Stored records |
--- START ---
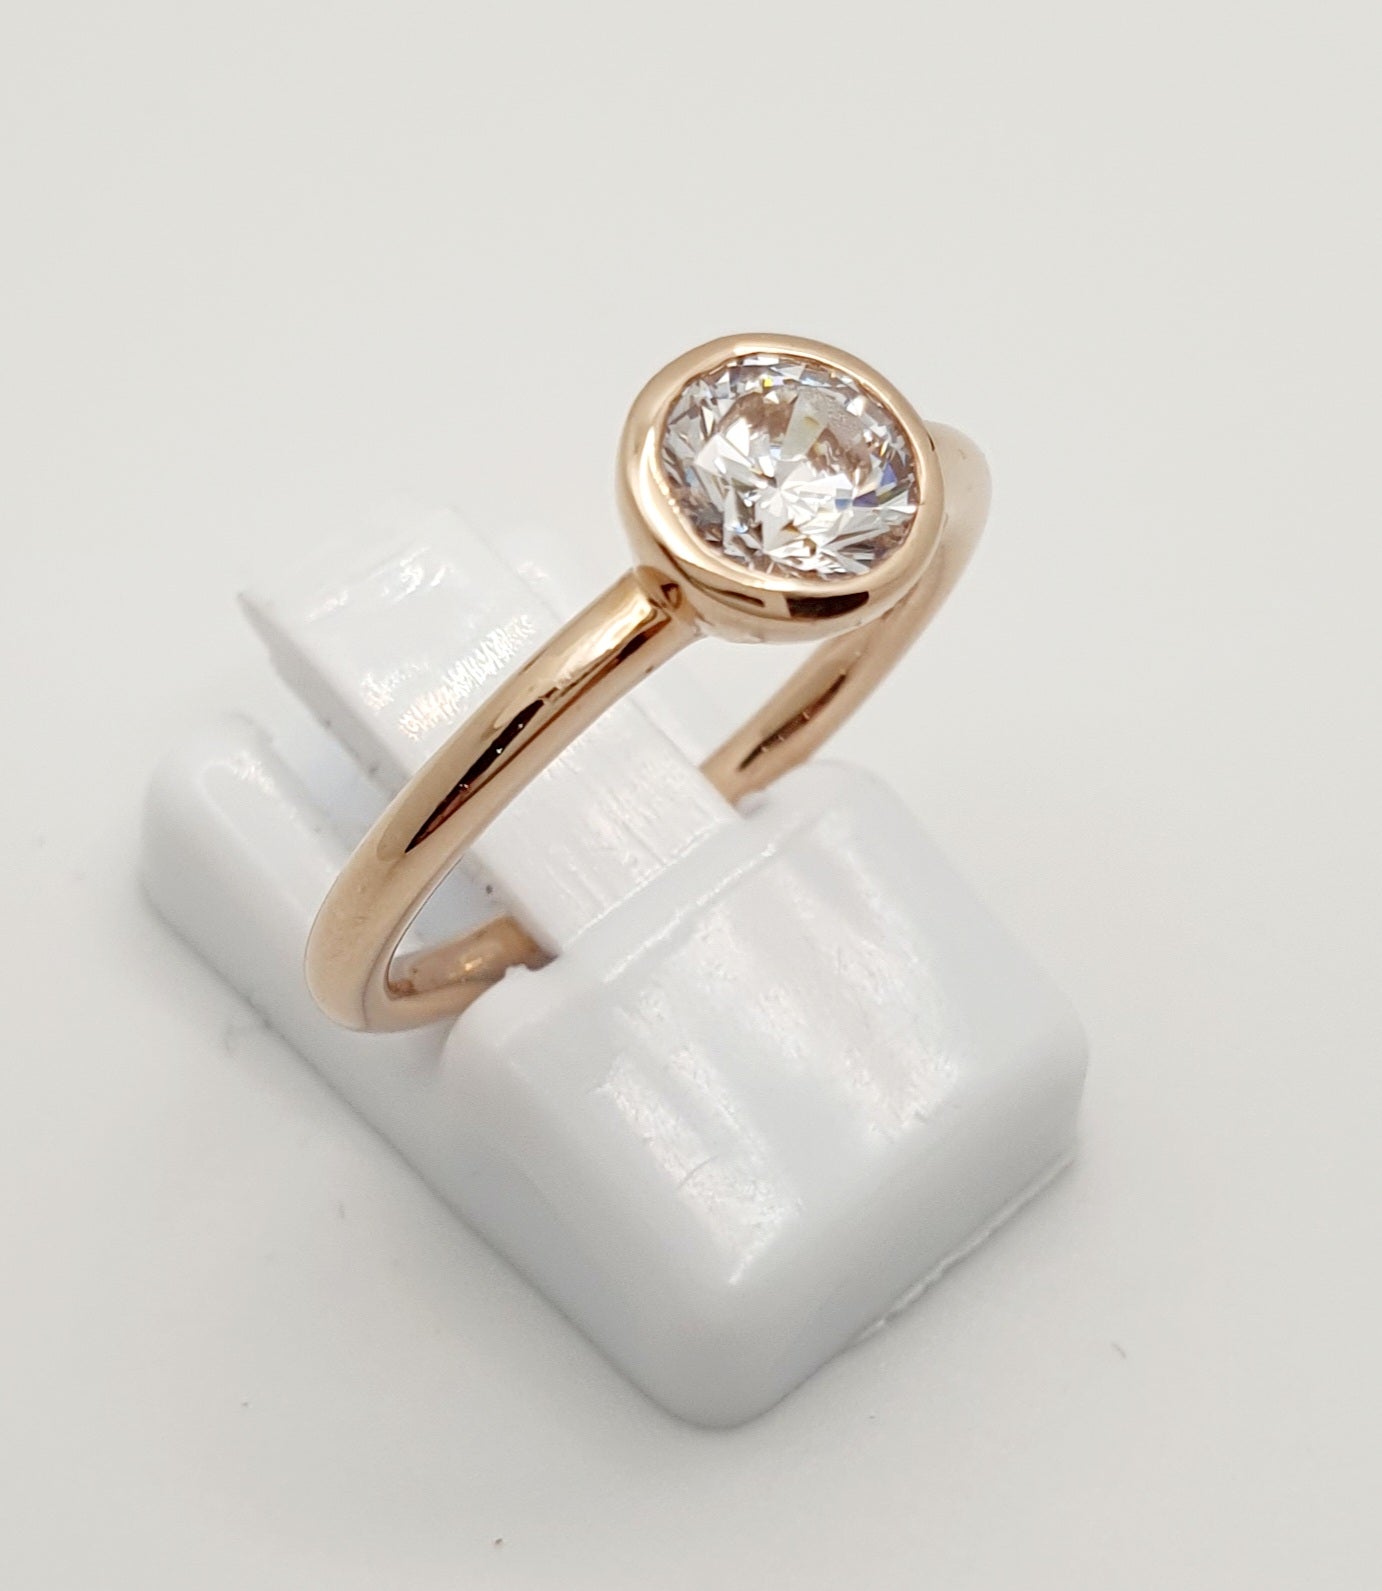 9ct Rose Gold CZ Solitaire Ring
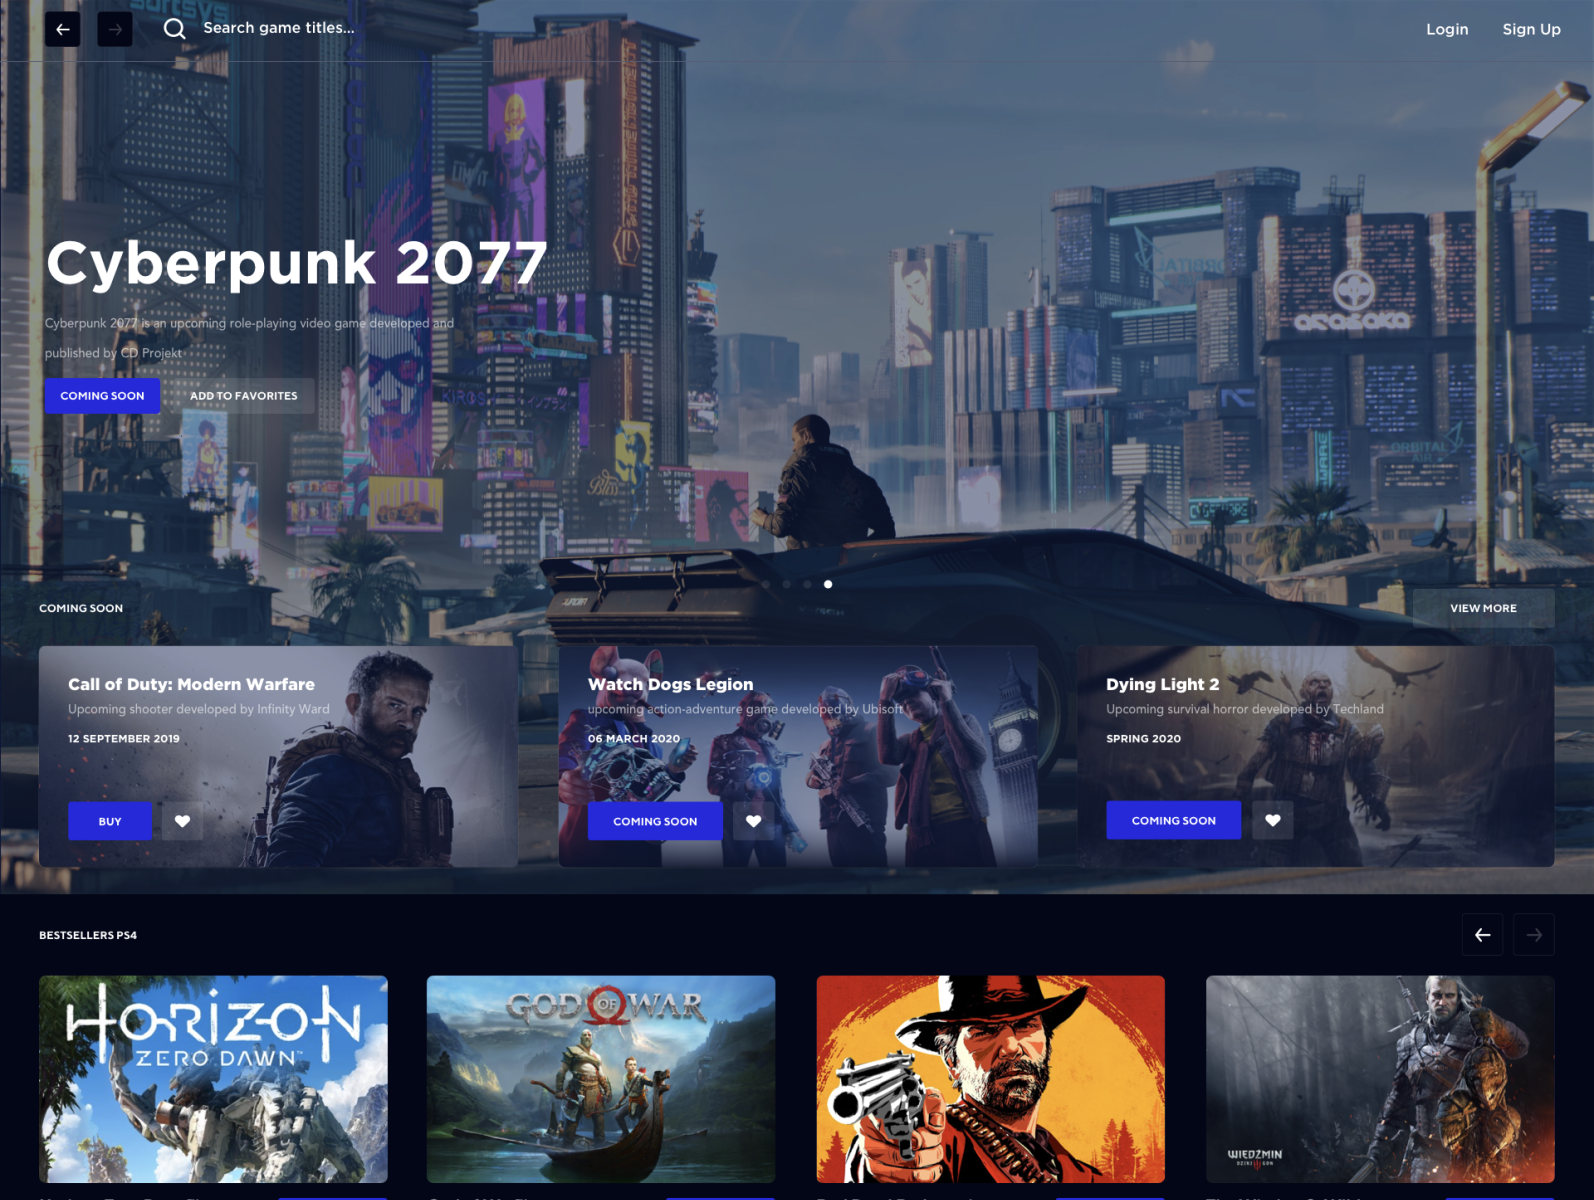 gaming-website-landing-page-concept-by-ayush-bhamu-on-dribbble
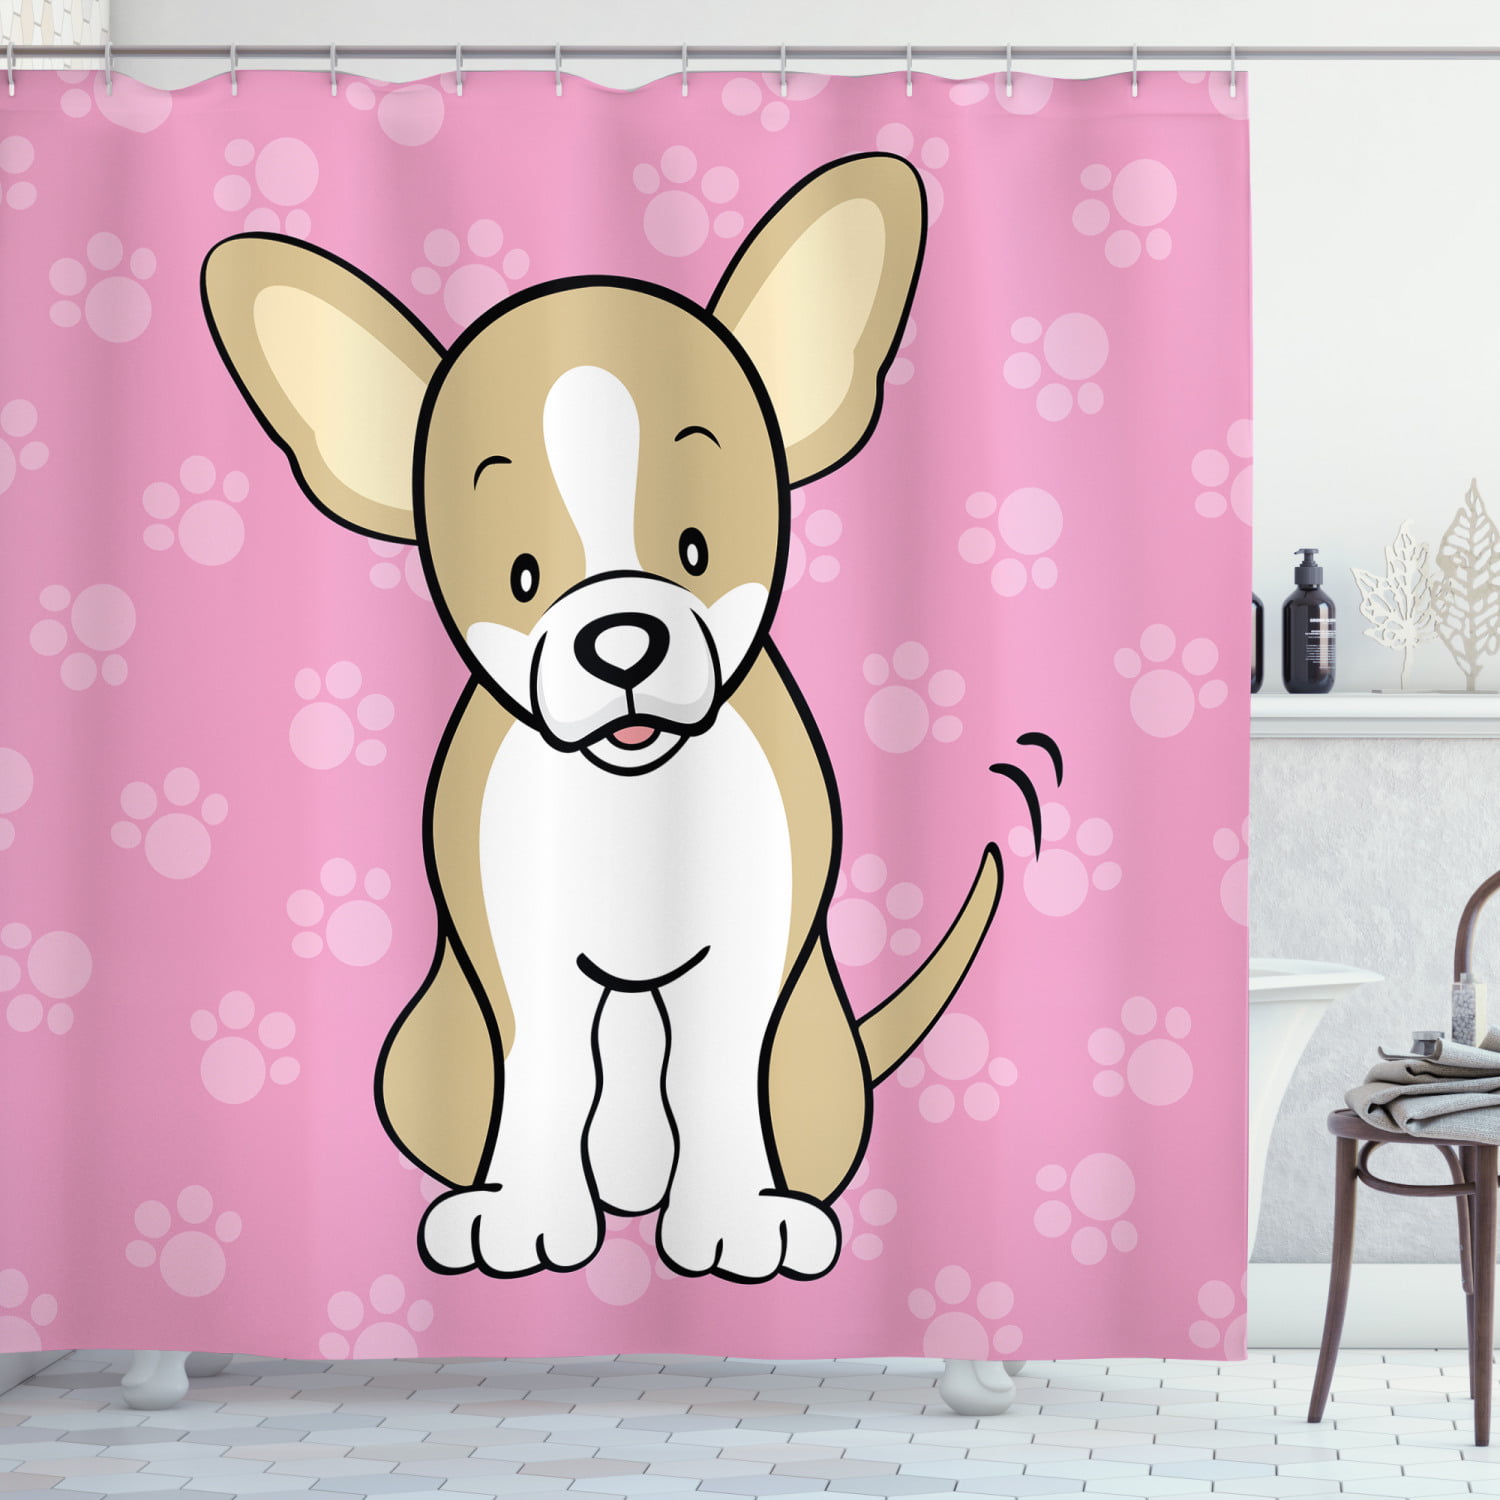 Chihuahua dog and grey cat 71 Inch Waterproof Fabric Shower Curtain Bedroom Mat 
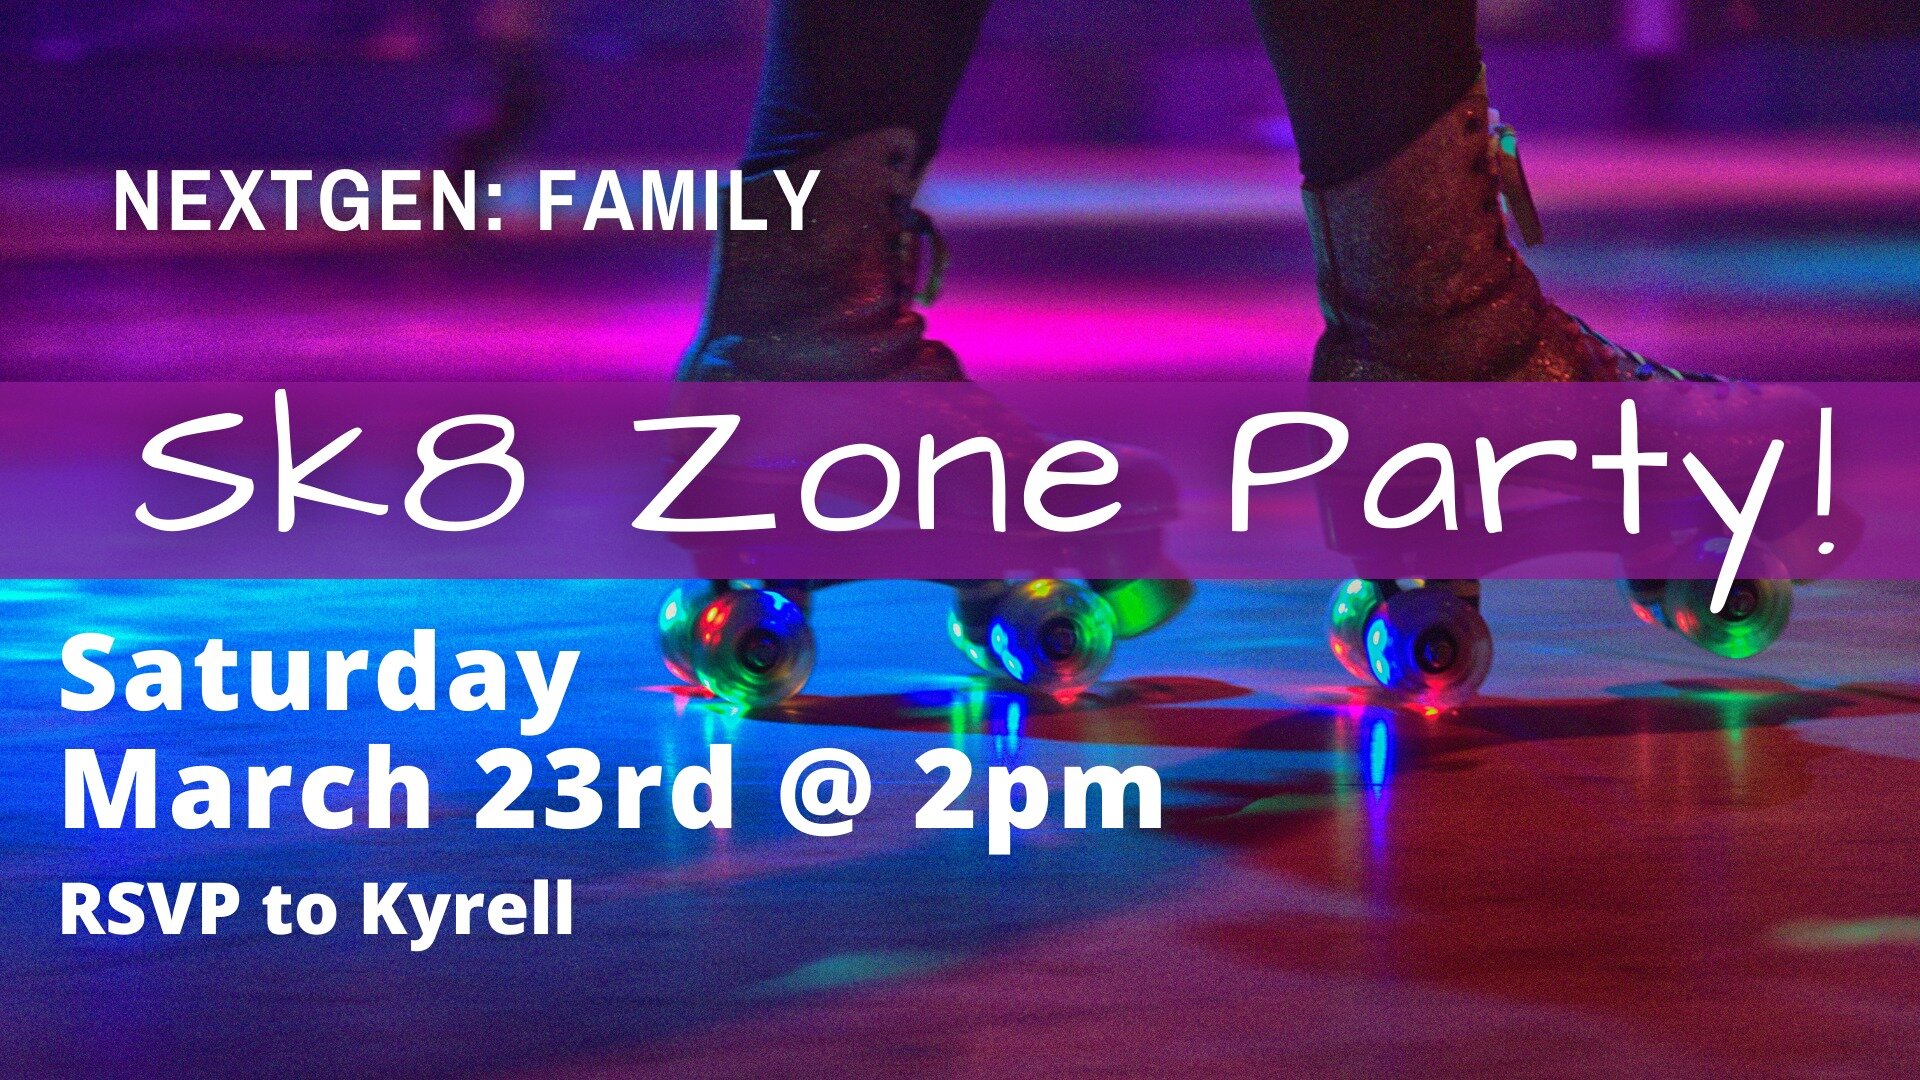 🛼Let's Roll NextGen!

📍Meet us at SK8 Zone from 2pm - 3:30pm on Saturday, March 23rd.
301 Flora Dr. Jefferson City, MO, 65101. 

🎟Admission is covered, but may want to bring a little spending money for snacks or games.

#jcfumc #nextgen #sk8zonepa
--- END ---
EXERCISE AIM | Retype the lines above exactly, no pictures.

EXERCISE SOLUTION |
 9ct Rose Gold CZ Solitaire Ring
 gaming-website-landing-page-concept-by-ayush-bhamu-on-dribbble
 Chihuahua dog and grey cat 71 Inch Waterproof Fabric Shower Curtain Bedroom Mat 
 🛼Let's Roll NextGen!

📍Meet us at SK8 Zone from 2pm - 3:30pm on Saturday, March 23rd.
301 Flora Dr. Jefferson City, MO, 65101. 

🎟Admission is covered, but may want to bring a little spending money for snacks or games.

#jcfumc #nextgen #sk8zonepa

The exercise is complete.